# M RAW or "full" RAW on a Canon 6d?



## billnelson75 (May 14, 2013)

Just curious what most are using with their 6D or even Mark III? M RAW to save file space, or "full" RAW? According to the manual it is faster to shoot in full RAW, but the files are about 30% larger. How much quality will I lose if I shoot in M RAW? What are the drawbacks? When would you shoot ful full RAW, and when would someone shoot in M RAW? Also, why would full raw, with larger files sizes be faster in burst mode than M RAW?

Any info or help on this would be great, thanks!


----------



## bycostello (May 14, 2013)

full u shot raw for the flexibility in posdt


----------



## Click (May 14, 2013)

Full RAW for the same raison as bycostello


----------



## Dick (May 14, 2013)

billnelson75 said:


> Also, why would full raw, with larger files sizes be faster in burst mode than M RAW?

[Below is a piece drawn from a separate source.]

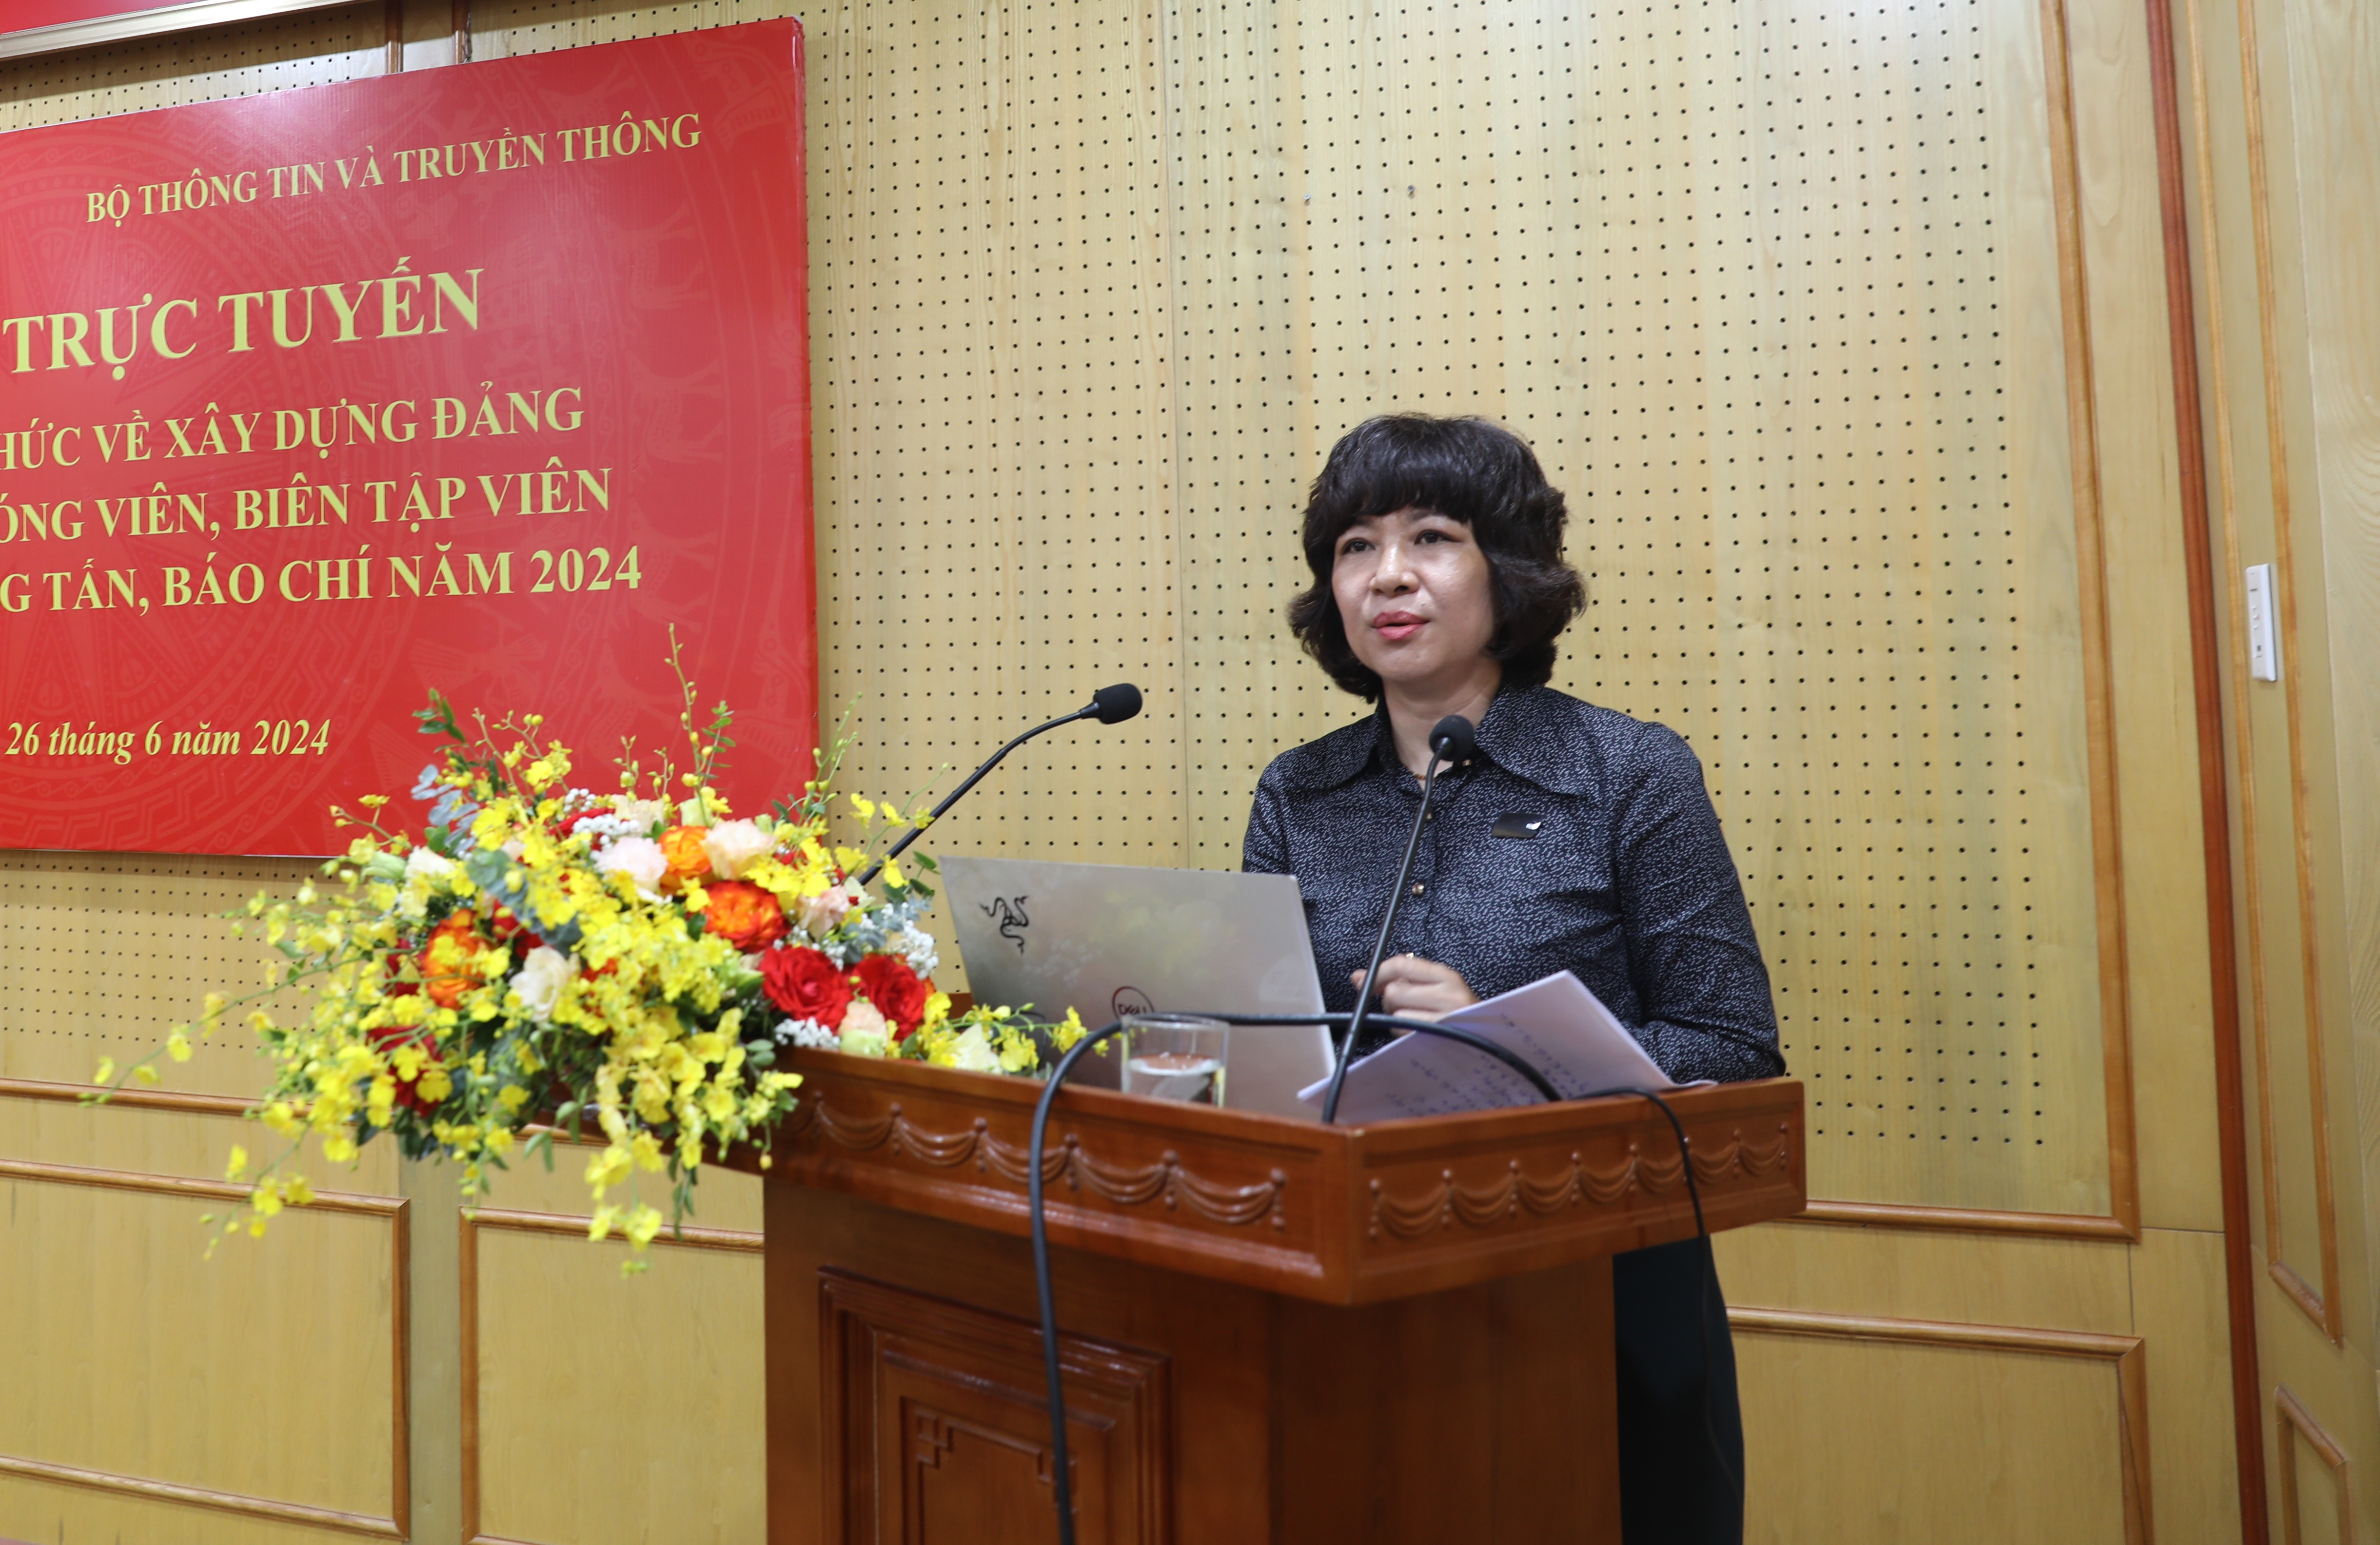 Đ/c Phan Phương Quyên, Trưởng ban Xây dựng Đảng, Báo Nhân Dân chia sẻ kinh nghiệm sáng tạo tác phẩm của tác giả, nhóm tác giả đoạt giải Búa liềm vàng.

Because M RAW is processed from the full RAW?


----------



## Rams_eos (May 14, 2013)

Good question because why using an inferior raw file?
The purpose of getting the most of a picture is lost!

Some good explanations from Canon:
http://cpn.canon-europe.com/content/education/infobank/image_compression/file_types_raw_sraw_and_jpeg.do

Hope it helps,


----------



## Canon-F1 (May 14, 2013)

of course i only use the worst quality formats available to me.
i would love to have a 16 color grayscale format but canon does not listen.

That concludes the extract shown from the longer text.